# Deep Colorization

This notebook creates a model that is able to colorize images to a certain extent, combining a deep Convolutional Neural Network architecture. The dataset to be used for the training originally is MS-COCO but we will use CIFAR10 in this notebook and later use the original dataset.

This notebook is getting original implementation in https://github.com/titu1994/keras-mobile-colorizer to ipynb. There would a sepearate notebook with improvements to above mentioned implementation.
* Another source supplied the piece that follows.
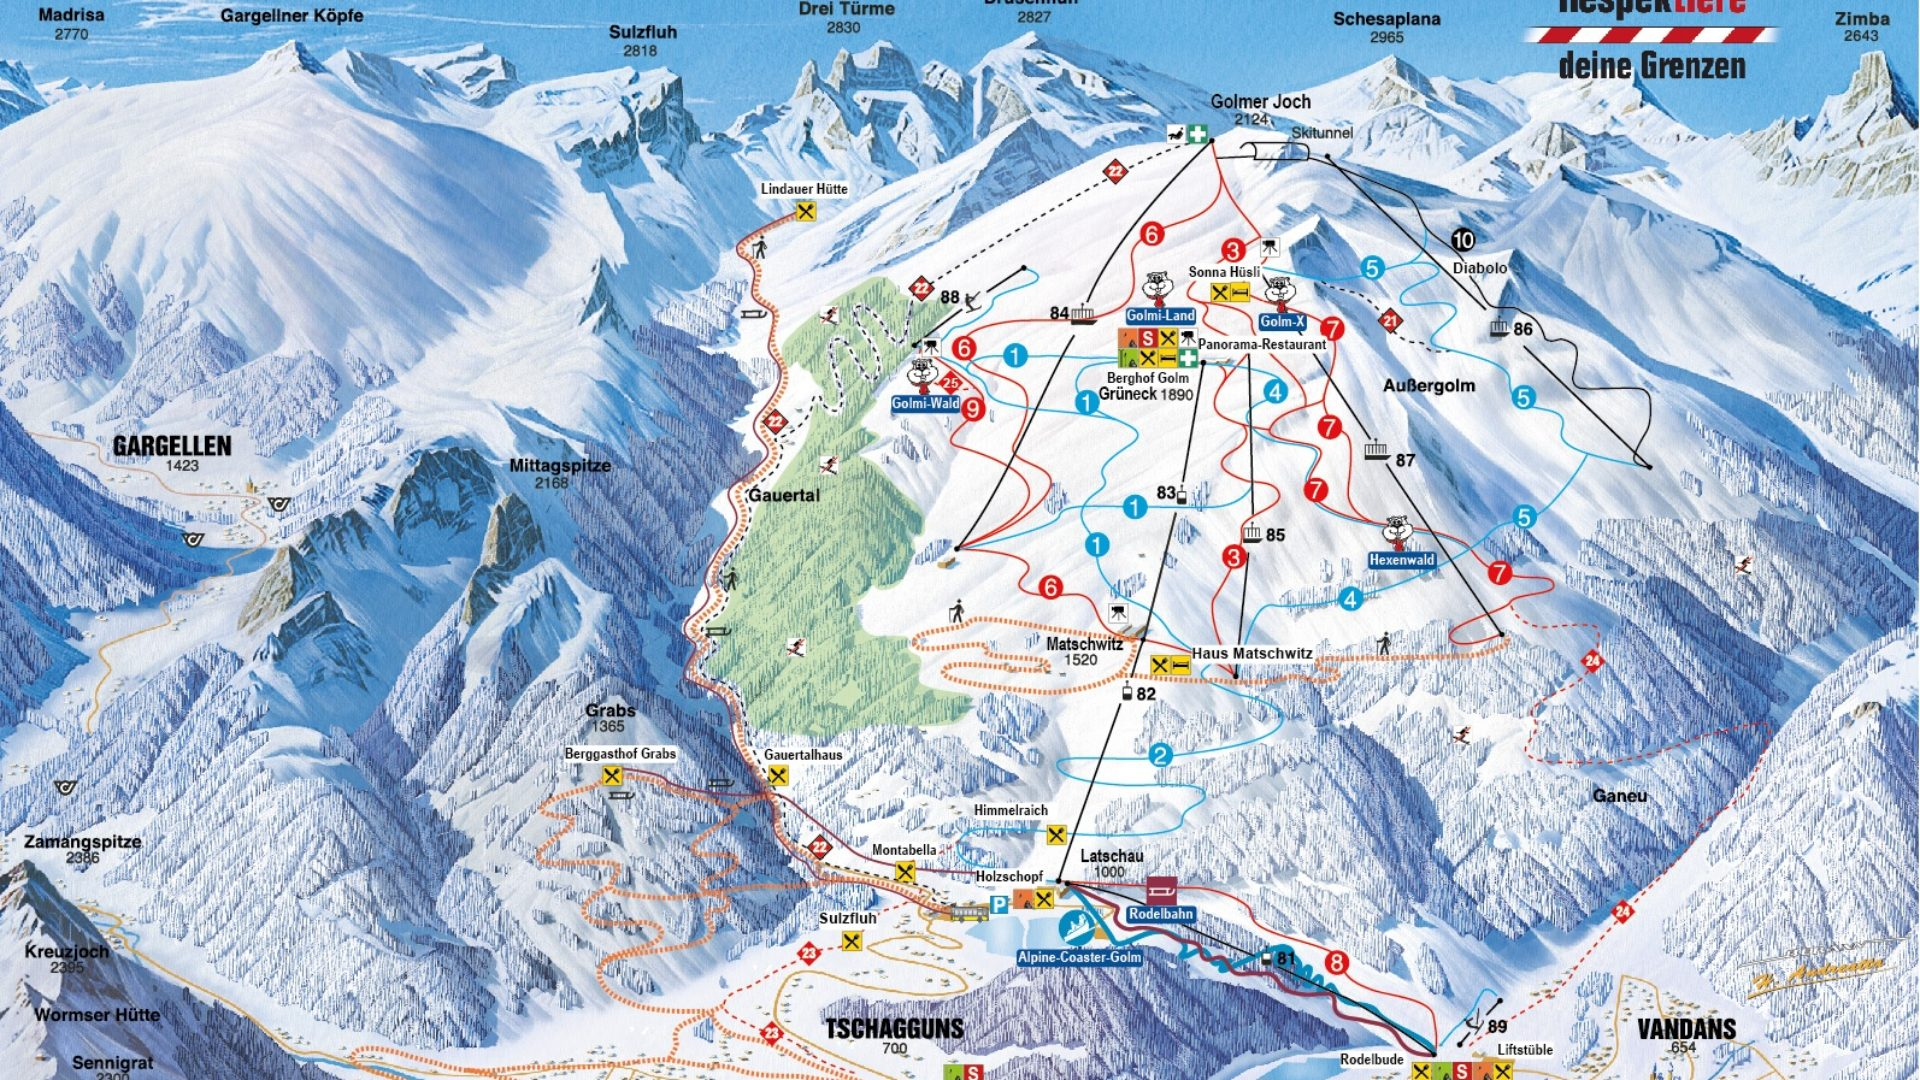 Gesperrte skigebiete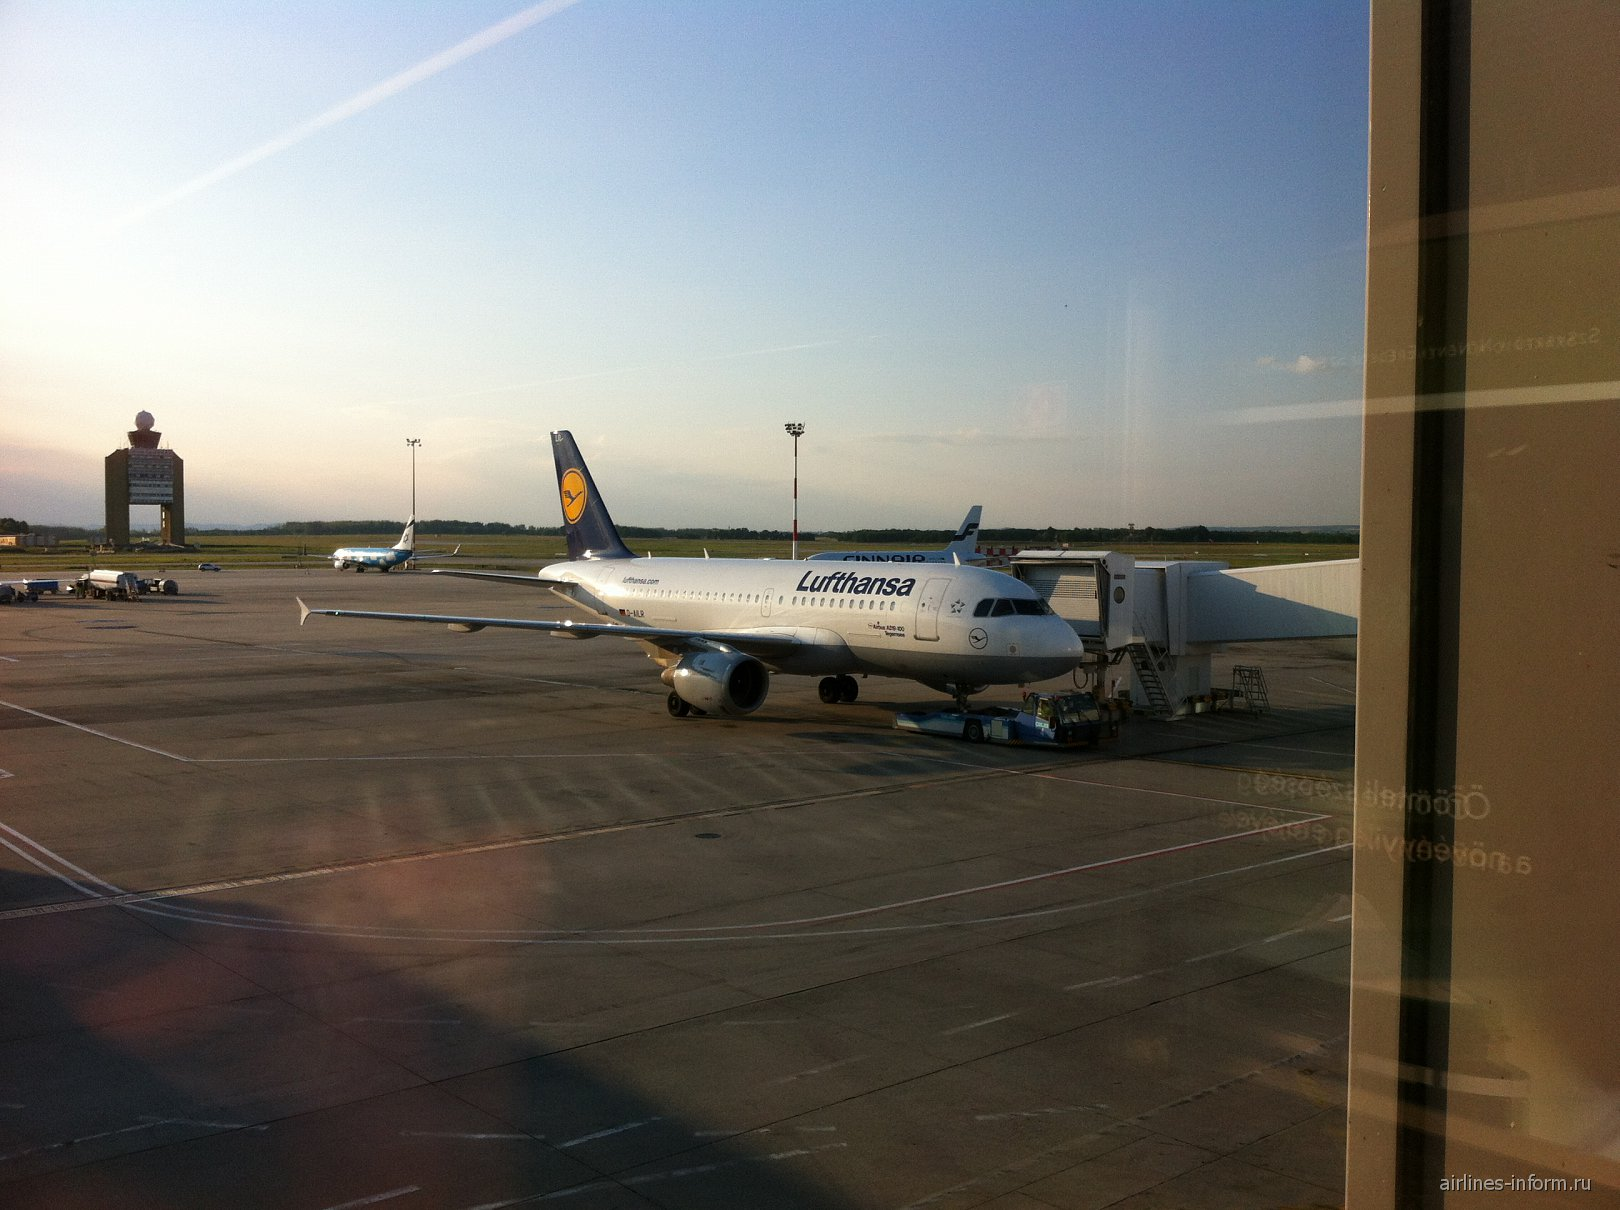 A319 Lufthansa

## Install required modules

In [89]:
# Install pip packages in the current Jupyter kernel
import sys
!{sys.executable} -m pip install numpy
!{sys.executable} -m pip install keras
!{sys.executable} -m pip install scikit-image
!{sys.executable} -m pip install tensorflow



In [90]:
## Import required modules
import keras
from keras.layers import Conv2D, Input, Reshape, RepeatVector, concatenate, UpSampling2D, Flatten, Conv2DTranspose
from keras.models import Model

from keras import backend as K
from keras.callbacks import ModelCheckpoint, TensorBoard

from keras.losses import mean_squared_error
from keras.optimizers import Adam

import numpy as np

from skimage.color import rgb2gray
from skimage.transform import resize

import tensorflow as tf
import utils

weights_file_name = 'weights/mobilenet_model_v2.h5'

## Build the Neural Network


### Hyperparameters

In [91]:
### Hyperparameters
batch_size = 100
epochs = 100
image_size = 256
# nb_train_images = 60000 # there are 82783 images in MS-COCO, set this to how many samples you want to train on.

## Get the Data
Run the following cell to download the dataset.

In [92]:
from keras.datasets import cifar10

# Load data
(y_train, _), (y_test, _) = cifar10.load_data()
x_train = np.expand_dims(rgb2gray(y_train), axis=3)
x_test = np.expand_dims(rgb2gray(y_test), axis=3)

print(x_train.shape)
print(y_train.shape)
print(x_test.shape)
print(y_test.shape)

(50000, 32, 32, 1)
(50000, 32, 32, 3)
(10000, 32, 32, 1)
(10000, 32, 32, 3)


## Preprocess all the data and save it
Running the code cell below will preprocess all the data and save it to file.

In [93]:
img_height, img_width = x_train.shape[1], x_train.shape[2]
print("Image Height : {}, Weight : {}".format(img_height, img_width))

image_size = img_height

Image Height : 32, Weight : 32


### Check the Version of TensorFlow and Access to GPU¶

In [94]:
import warnings

# Check TensorFlow Version
print('TensorFlow Version: {}'.format(tf.__version__))

# Check for a GPU
if not tf.test.gpu_device_name():
    warnings.warn('No GPU found. Please use a GPU to train your neural network.')
else:
    print('Default GPU Device: {}'.format(tf.test.gpu_device_name()))

TensorFlow Version: 1.8.0


  


### Metrics and Loss function


In [95]:
mse_weight = 1.0 #1e-3

# set these to zeros to prevent learning
perceptual_weight = 1. / (2. * 128. * 128.) # scaling factor
attention_weight = 1.0 # 1.0


# shows the minimum value of the AB channels
def y_true_min(yt, yp):
    return K.min(yt)


# shows the maximum value of the RGB AB channels
def y_true_max(yt, yp):
    return K.max(yt)


# shows the minimum value of the predicted AB channels
def y_pred_min(yt, yp):
    return K.min(yp)


# shows the maximum value of the predicted AB channels
def y_pred_max(yt, yp):
    return K.max(yp)


def gram_matrix(x):
    assert K.ndim(x) == 4

    with K.name_scope('gram_matrix'):
        if K.image_data_format() == "channels_first":
            batch, channels, width, height = K.int_shape(x)
            features = K.batch_flatten(x)
        else:
            batch, width, height, channels = K.int_shape(x)
            features = K.batch_flatten(K.permute_dimensions(x, (0, 3, 1, 2)))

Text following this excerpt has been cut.